SWC Regular Season Co-Champions SWC tournament champions

NCAA women's Division I tournament, Champions
- Conference: Southwest Conference

Ranking
- Coaches: No. 1
- AP: No. 5
- Record: 31–3 (13–1 SWC)
- Head coach: Marsha Sharp (11th season);
- Home arena: Lubbock Municipal Coliseum

= 1992–93 Texas Tech Lady Raiders basketball team =

Intercollegiate basketball season

The 1992–93 Texas Tech Lady Raiders basketball team represented Texas Tech University in the 1992–93 NCAA Division I women's basketball season. The Lady Raiders were led by head coach Marsha Sharp. The team won the 1993 NCAA Division I women's basketball tournament, the program's first NCAA title, and Texas Tech University's first NCAA team title.

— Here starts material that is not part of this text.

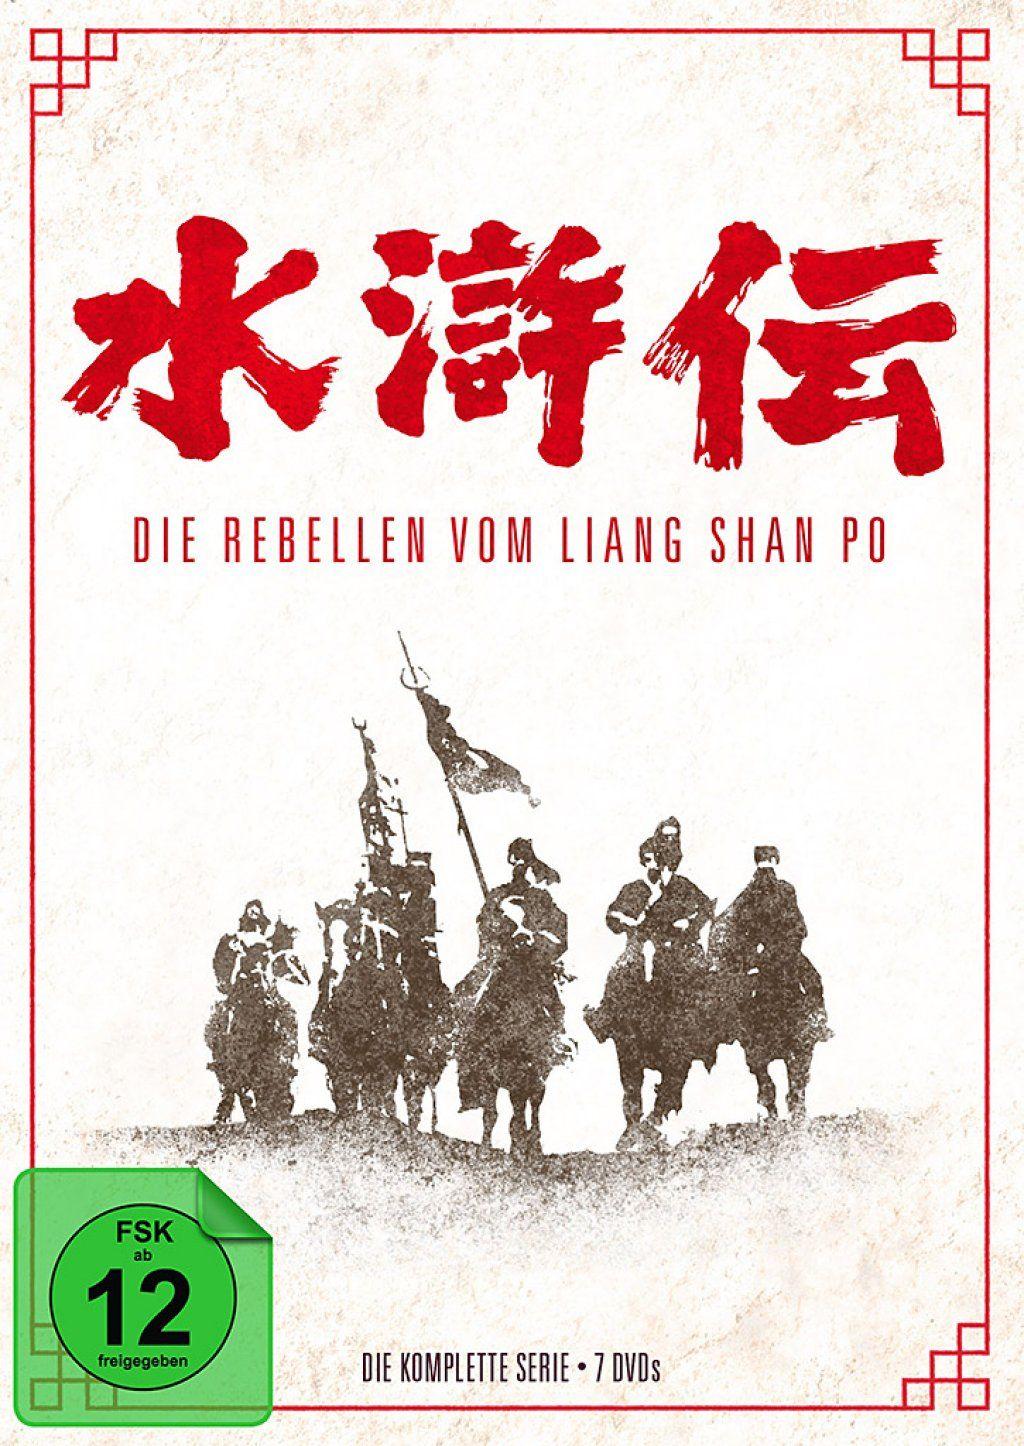 Rebellen vom Liang Shan Po, Die (Neuauflage) (7 Discs)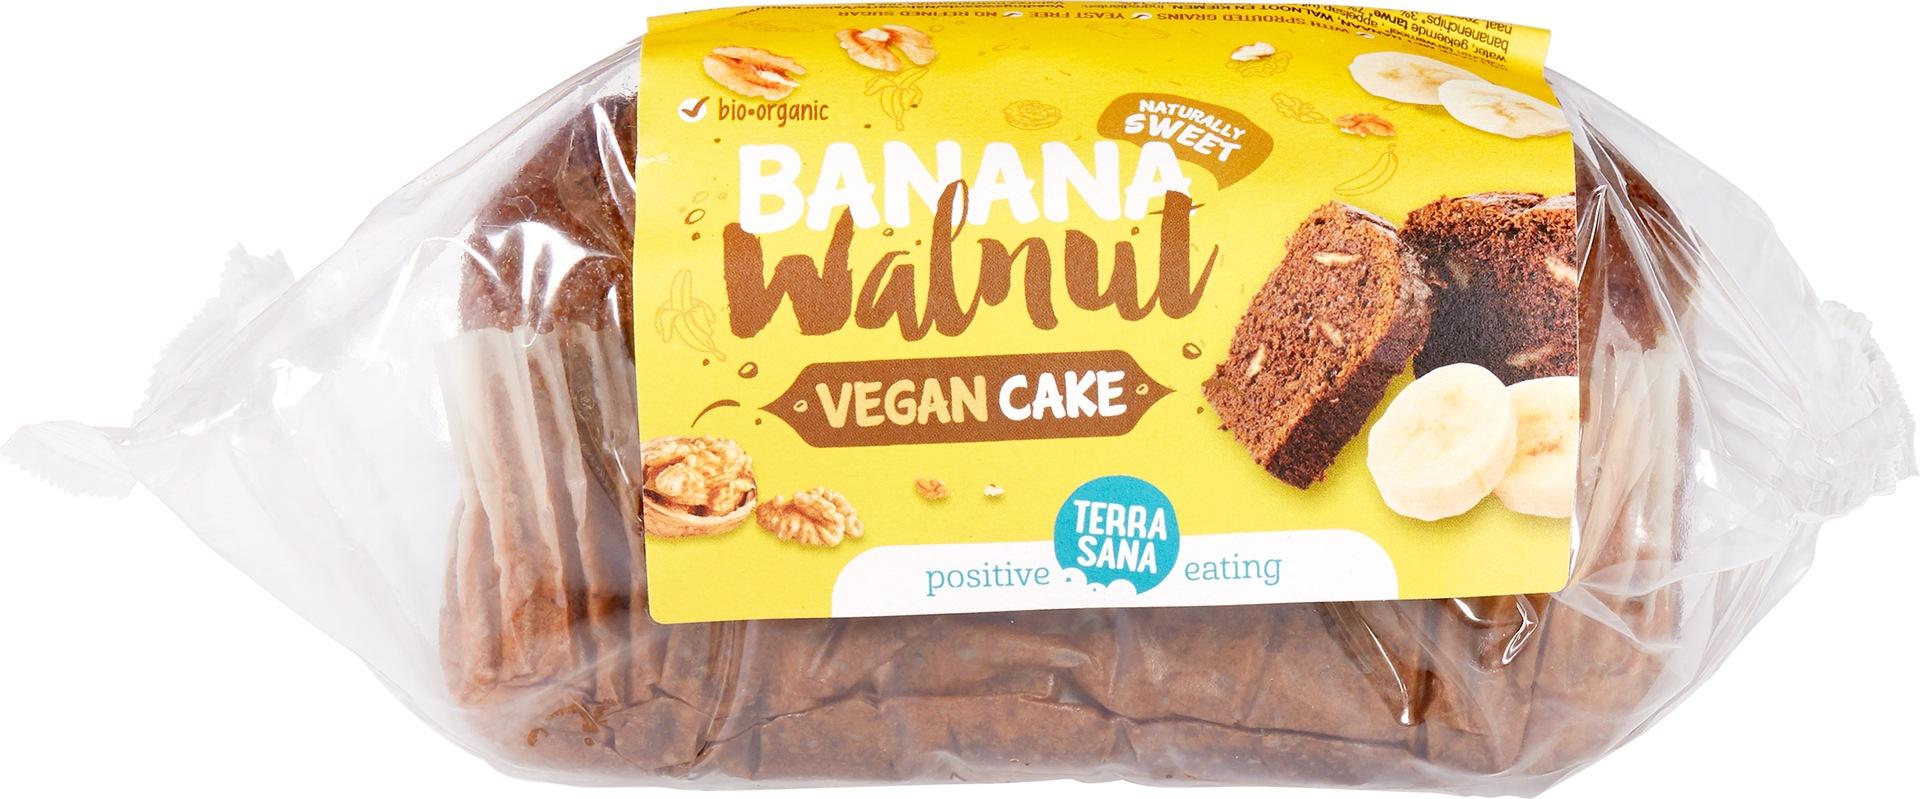 Biologische TerraSana Vegan cake banaan walnoot 350 gr

== Schedule and results ==

| Date time, TV | Rank^{#} | Opponent^{#} | Result | Record | Site (attendance) city, state |
Regular season
SWC tournament
NCAA tournament
| Mar 20, 1993* | (2 W) No. 5 | vs. (7 W) Washington Regional Second Round | W 70–64 | 27–3 | Lubbock Municipal Coliseum Lubbock, Texas |
| Mar 25, 1993* | (2 W) No. 5 | vs. (3 W) No. 15 USC Regional Semifinal – Sweet Sixteen | W 87–67 | 28–3 | Harry Adams Field House Missoula, Montana |
| Mar 27, 1993* | (2 W) No. 5 | vs. (4 W) No. 10 Colorado Regional Final – Elite Eight | W 79–54 | 29–3 | Harry Adams Field House Missoula, Montana |
| Apr 3, 1993* | (2 W) No. 5 | vs. (1 MW) No. 1 Vanderbilt National Semifinal – Final Four | W 60–46 | 30–3 | Omni Coliseum Atlanta, Georgia |
| Apr 5, 1993* | (2 W) No. 5 | vs. (1 MW) No. 3 Ohio State National Championship | W 84–82 | 31–3 | Omni Coliseum Atlanta, Georgia |
*Non-conference game. ^{#}Rankings from AP Poll. (#) Tournament seedings in parentheses. W=West. All times are in Central.

===1993 NCAA Tournament===
The Lady Raiders advanced through the NCAA tournament, from the West Regional in Missoula, MT. After defeating the Colorado Buffaloes in the regional finals, went on to defeat the Vanderbilt Commodores in the final four. In the national championship game, the Lady Raiders defeated the Ohio State Buckeyes, 84-82. Sheryl Swoopes, whose 47 points set a single-game championship scoring performance, was named the Most Outstanding Player.